Pope Francis himself did not seem particularly worried. He is still riding around in a Ford Focus, still connecting with the people. If he were trying to protect himself from crime families, he would not have spoken out in the first place. In a world full of threats, we cannot defend ourselves and testify to the way of Jesus Christ at the same time.

Something like this is going on with Paul as he writes the opening chapters of 1 Corinthians. “What then is Paul? What is Apollos? Servants through whom you came to believe, as the Lord assigned to each” (3:5). What is the worst that can happen to Paul: that the Corinthians cease to regard him as a leader? That he loses the popularity contest? None of this matters. He and the other leaders are servants. Elsewhere, Paul will say this even more explicitly: “May I never boast of anything except the cross of our Lord Jesus Christ, by which the world has been crucified to me, and I to the world” (Galatians 6:14).

In the opening verses of 1 Corinthians, Paul urges his readers to be united in the same mind. David Fredrickson has written extensively on the Christ hymn of Philippians 2 and the “same mind” Paul exhorts there as “imagination in action.” I am indebted to a conversation with him for this “folding chairs” explanation of the mind of Christ: Imagine working with someone to move one of those large racks of folding chairs that populate church basements and school gymnasiums. It takes a theory (“I think this will work if you’re on one side and I’m on the other”).

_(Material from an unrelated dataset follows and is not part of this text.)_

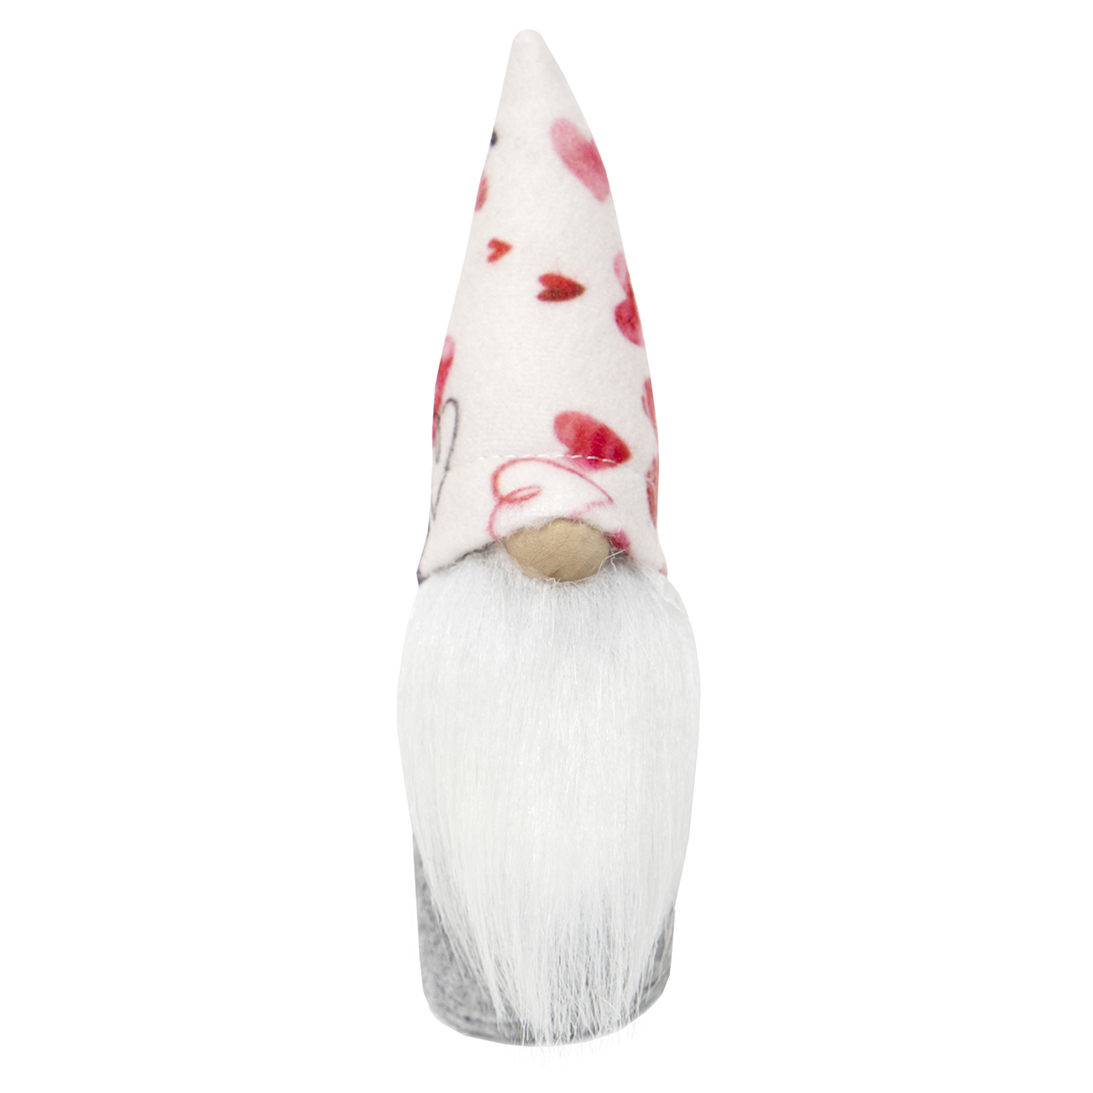 !Sir Heartsalot Gnome with Wood Nose 6.5" Small
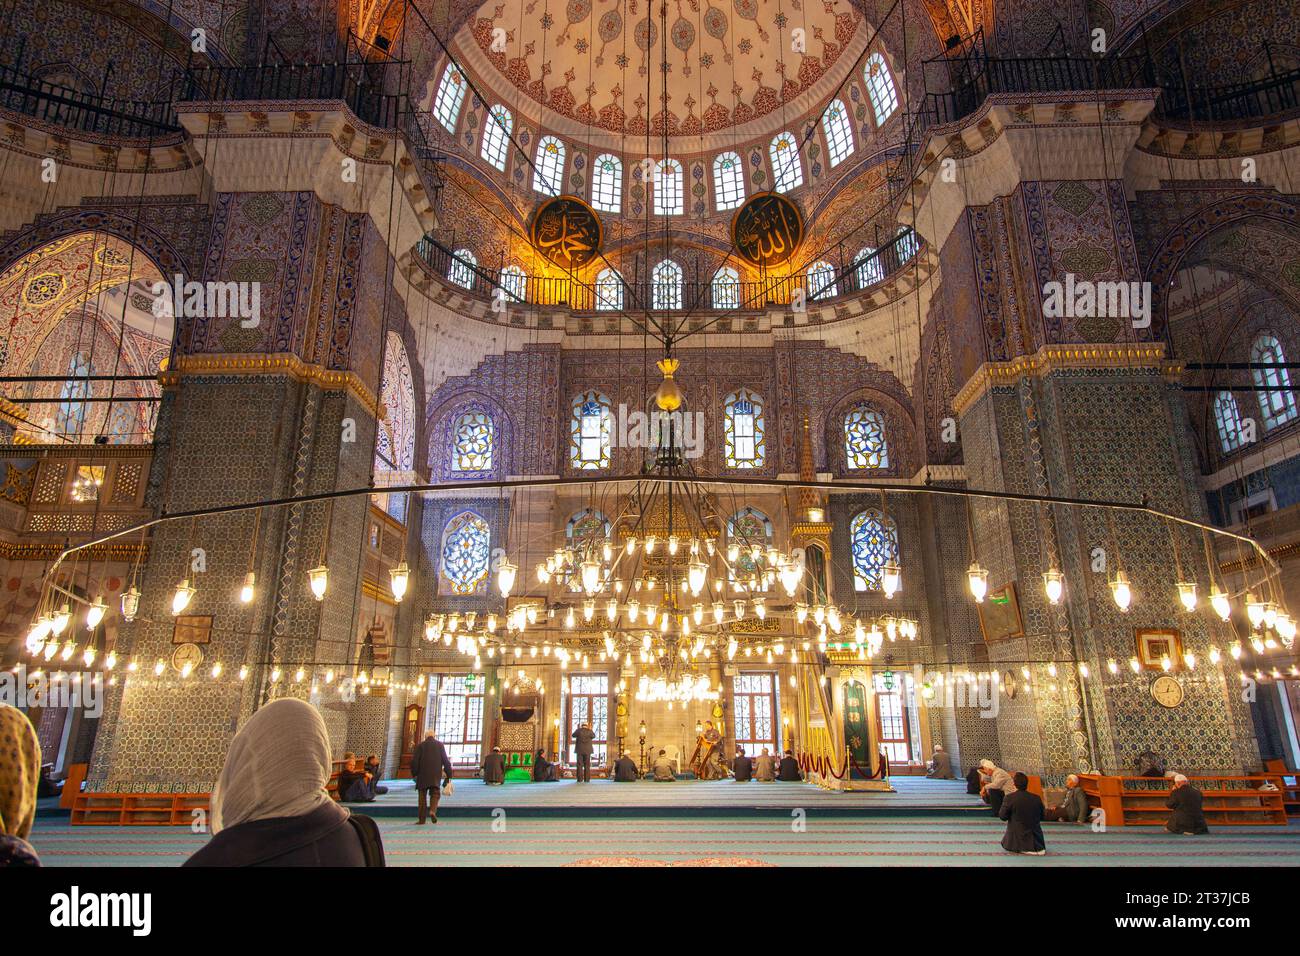 People praying inside the lit up 17th Century Blue Mosque, an Ottoman-era historical imperial mosque located in Istanbul, Turkey Stock Photo

You have to share at least elements of a vision, to be of “one mind” on the nature of the task and its execution. Even so, as vital as it is, shared imagination does not move the chairs. Action — walking, pushing, pulling, steadying — is required, too, as are mid-course communication and correction. The whole thing is common work in which people with different functions share, if only for a few moments, the same mind.

The actions of those with the mind of Christ will be characterized by self-giving love. The leaders will act as servants (3:5). The strong will refrain from exercising their freedom at the expense of the weak (cf. 1 Corinthians 8-10). Love will prove greater than prophecy, tongues, and knowledge (13:8). To have the mind of Christ is to be able to imagine the new creation and participate in it before it has come into focus for others. And as God’s Spirit calls and equips the church for that imagining and participating, the new creation actually comes into focus for the world.